Nerede duracağı belli olmayan anlamsız bir yarış başlamıştı. Bu yarışta Halil Bedii de vardı:
Tanrı gibi görünüyor her yerde/ Topraklarda, denizlerde, göklerde;
Gönül tapar, kendisinden geçer de/ Hangi yana göz bakarsa: Atatürk.
Meşrutiyette Kemalettin Kâmi olan adını Türklük aşkına Kemalettin Kamu olarak değiştiren şair, mısralardan inşa ettiği bir merdivenle milletvekilliğine çıkmak istiyordu:
Burada erdi Mûsâ/ Burada uçtu İsa,
Bülbül burada varsa, Hürriyet için öter
Ne örümcek, ne yosun/ Ne mûcize, ne füsun,
Kâbe Arab'ın olsun/ Çankaya bize yeter...

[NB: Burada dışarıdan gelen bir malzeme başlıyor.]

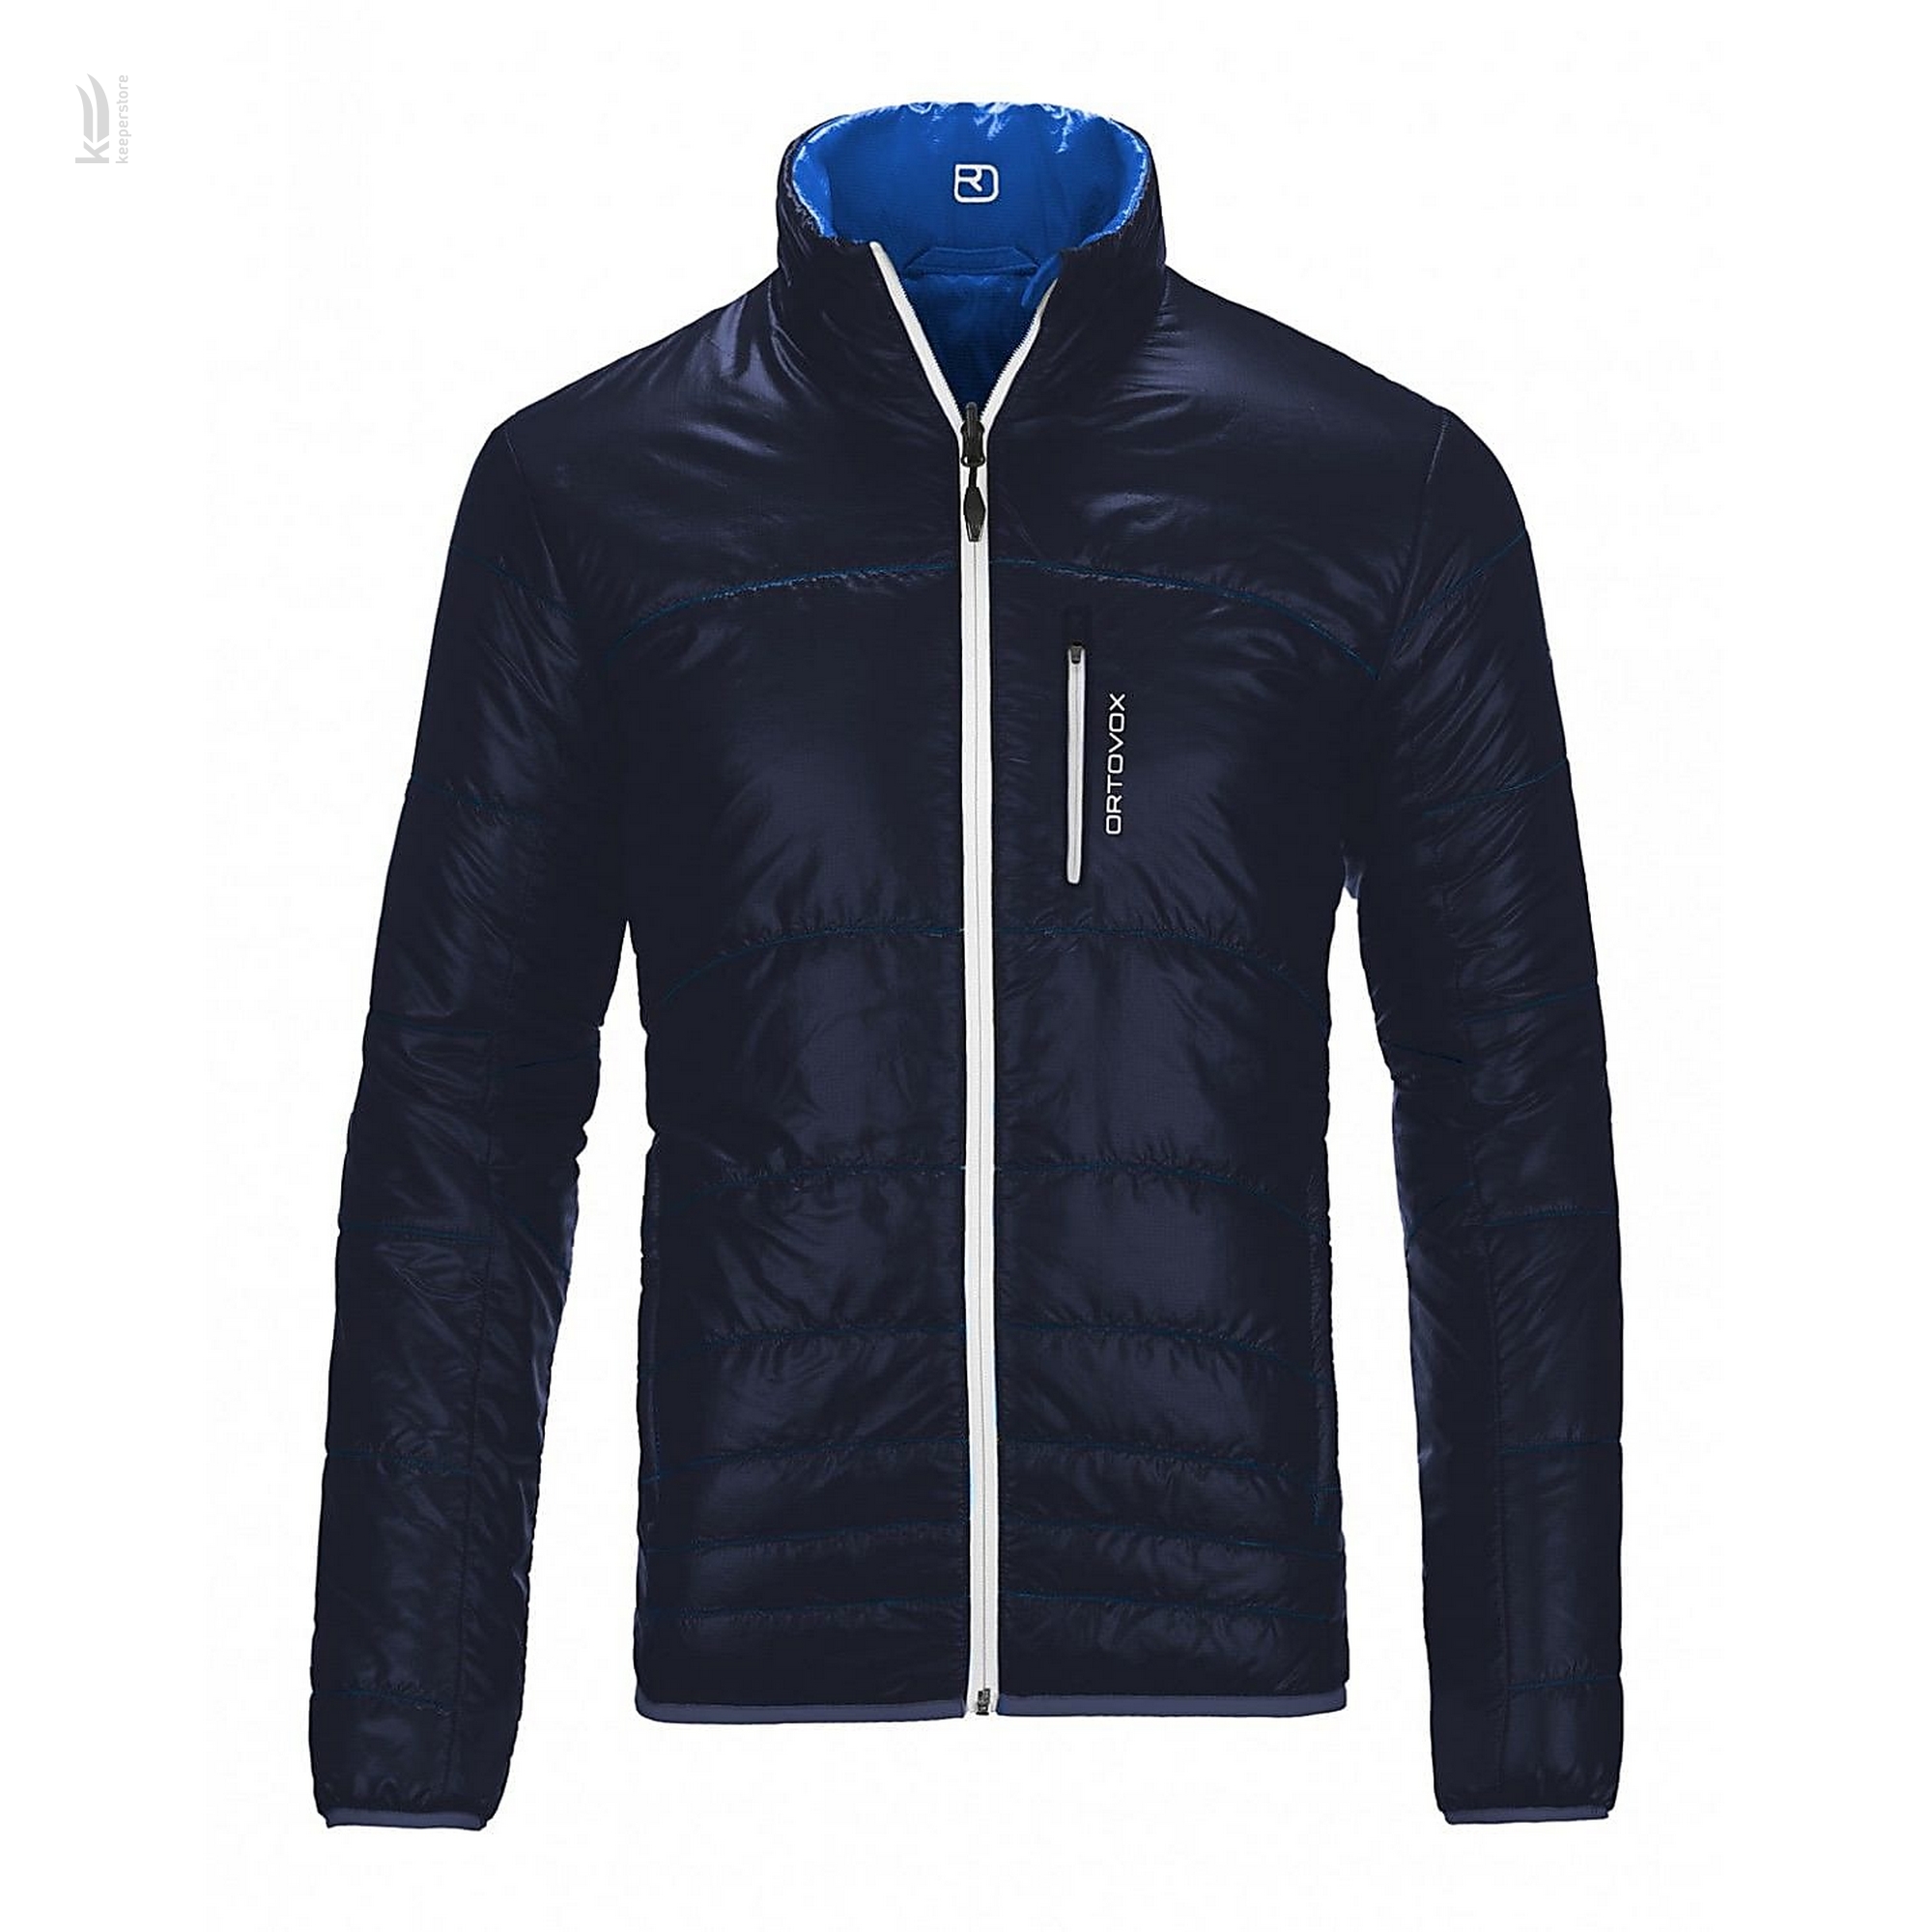 Фрирайд куртка Ortovox Swisswool Piz Boval Jacket Blue Navy M

Şair Faruk Nafiz Çamlıbel Atatürk öldükten sonra şu mısraları yazdı:
Yürüyor, kalbimizin durduğu bir yolda değil,
Kanlı bir gözyaşı nehrinde muazzam tabutun
Ey ilâhın yüce davetlisi, göklerden eğil
Göreceksin duruyor kalbimizin üstünde putun!
Yusuf Ziya Ortaç da belli ki öteki şairlerden geri kalmak istememişti, kervana katıldı:
Dağların ardında sönüşü gibi,
Millete can veren, vatan yaratan;
Tanrının göklere dönüşü gibi
Her zaman ırkıma büyük Baş Atam,
Tanrılaş gönlümde, tanrılaş Atam!
Ömer Bedrettin Uşaklının şiiri:
Bir güneş gibi yalnız/ Sensin ülkü tanrımız.
Vasfi Mahir Kocatürkden:
Peygamber, tanrısına duymadı bu hasreti/ Vermedi bu kudreti tanrı, peygamberine.
İlhami Bekirden:
İlk adam, mavi gözlerle baktı toprağa,
Toprağın haritasını çizdi bayrağa;
Allah değil, o yazdı alın yazımızı.
Bu yaklaşımın mirasçıları elbette Atatürkü bir insan olarak görmeyecekler, insan olmaktan kaynaklanan zaafların hiç birisini ona kondurmayacaklardır.
Can Dündarın filmine bu bakış açısıyla ateş püskürüyorlar.
NOT: Aynı dönemin şairlerinden Yahya Kemal, Necip Fazıl ve Nazım Hikmet bu tür şeyler yazmadılar.